BNI KC Jepara Beri Bantuan Dua Rumah Desmigratif – Radar Kudus

Penyerahan bantuan tersebut dilakukan langsung oleh Pemimpin BNI KC Jepara Dony Rachmat Widodo didampingi jajarannya pada masing-masing kepala desa. Di Desa Muryolobo diterima oleh kepala desa Ashar, sementara di Desa Bategede diterima oleh kepala desa Bambang Eko Susilo.

Terkait bantuan ini, Dony Rachmat mengatakan, BNI telah bekerja sama dengan Kementerian Ketenagakerjaan untuk menyiapkan rumah sebagai sarana edukasi keluarga TKI di 120 lokasi di desa desmigratif. Dua di antaranya berlokasi di Kabupaten Jepara.

Dony Rachmat melanjutkan, rumah desmigratif merupakan bangunan fisik yang menyediakan fasilitas berupa sarana edukasi, pengembangan kewirausahaan dan komunikasi global yang selaras dengan progam KAMI bersama BNI bagi calon TKI, TKI beserta keluarganya.

Desmigratif ini menjadi terobosan baru Kementrian Ketenagakerjaan bekerja sama dengan berbagai lembaga untuk memberdayakan, meningkatkan pelayanan serta melindungi TKI dan calon TKI di desa yang menjadi kantong-kantong TKI. Melalui konsep ini pemerintah desa juga diharapkan bisa berperan aktif dalam meningkatkan pelayanan, penempatan, dan perlindungan TKI. ”Desa akan menjadi pusat informasi dan komunikasi yang menjadi bagian dari proses penempatan dan perlindungan sejak pra penempatan,” katanya kepada Jawa Pos Radar Kudus.

Dony Rachmat menyatakan, khusus di wilayah Jepara bantuan tersebut diberikan di dua desa yakni Desa Muryolobo dan Bategede yang keduanya berlokasi di Kecamatan Nalumsari.

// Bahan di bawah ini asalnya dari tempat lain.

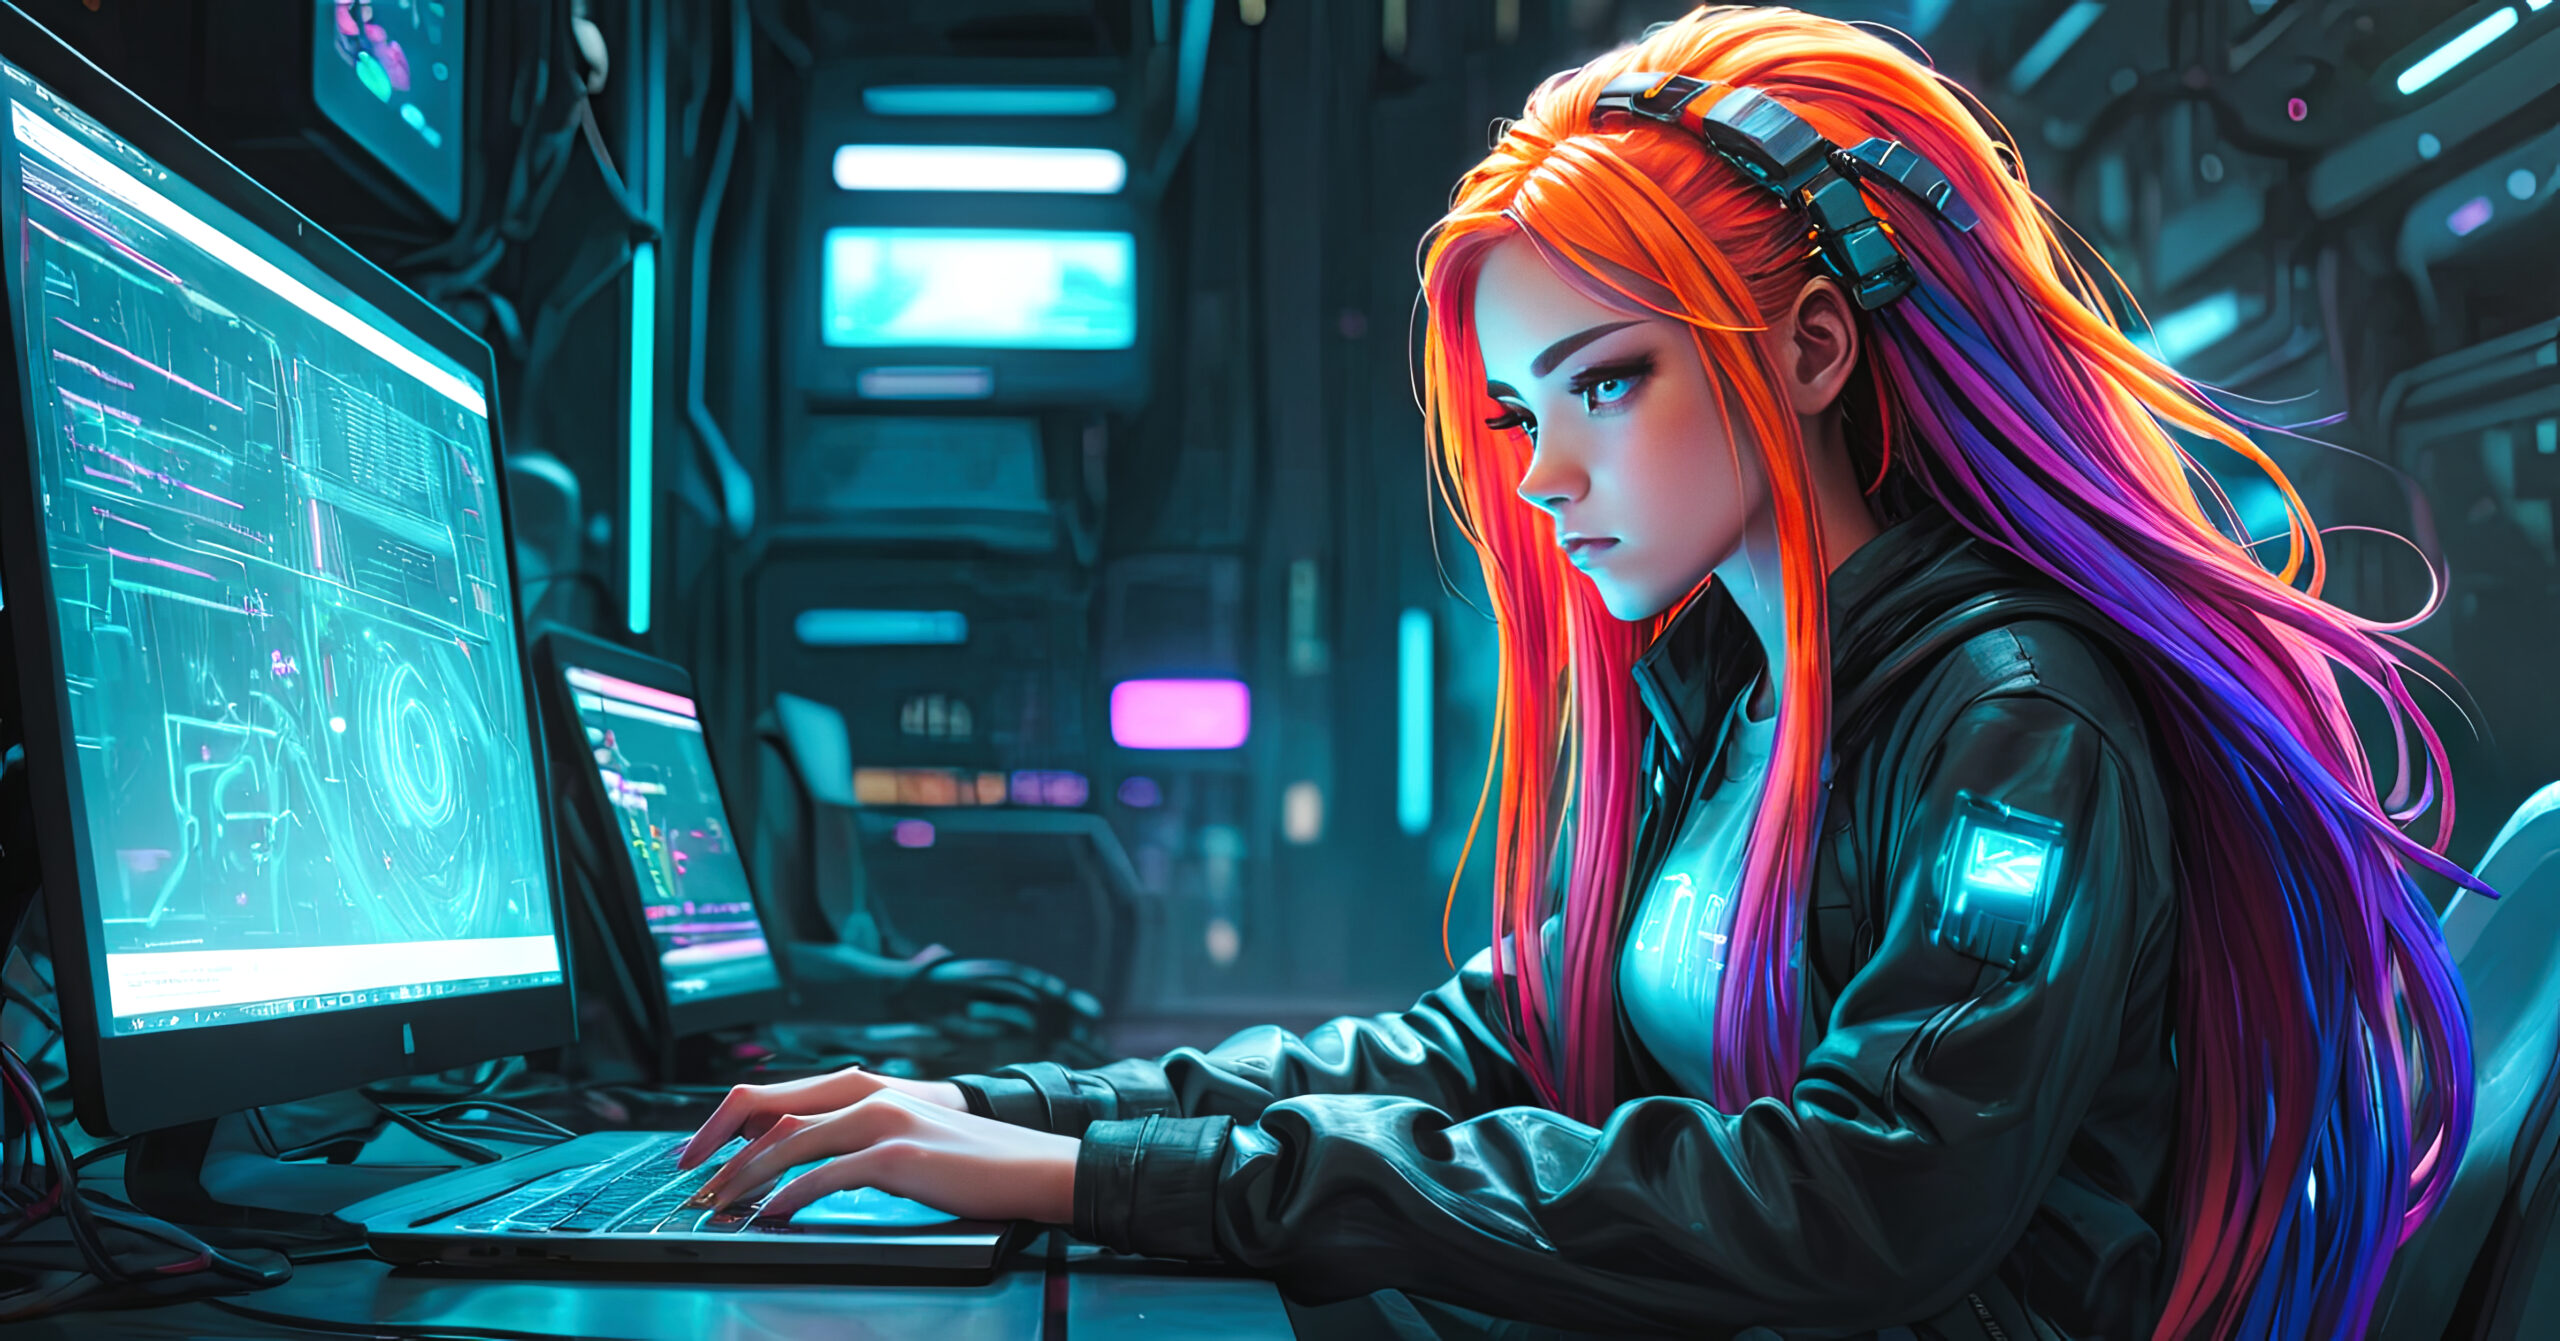 Eine Frau mit mehrfarbigem Haar, das von leuchtendem Orange zu tiefem Violett übergeht, sitzt in einem futuristischen Raum voller Bildschirme, auf denen komplexe Diagramme und Codezeilen zu sehen sind. Sie trägt Kopfhörer und ist konzentriert auf ihren Laptop gerichtet, auf dem sie die PyCharm Community Edition installiert, eine beliebte Entwicklungsumgebung für Python-Programmierung. Das leuchtende Ambiente rund um sie strahlt die Intensität und Fokussierung aus, die sie in ihre Programmierarbeit legt.

Bantuan rumah desmigratif tersebut masing-masing senilai Rp 30 juta. ”Dua desa itu yang merupakan kantong TKI dan sebelumnya sudah dilakukan verifikasi oleh Kemnaker,” tuturnya.

Melalui bantuan tersebut, Dony Rachmat berharap, bisa dimanfaatkan dengan baik oleh kedua desa yang memperoleh bantuan. ”Ini sebagai bentuk kepedulian BNI KC Jepara untuk masyarakat,” imbuhnya.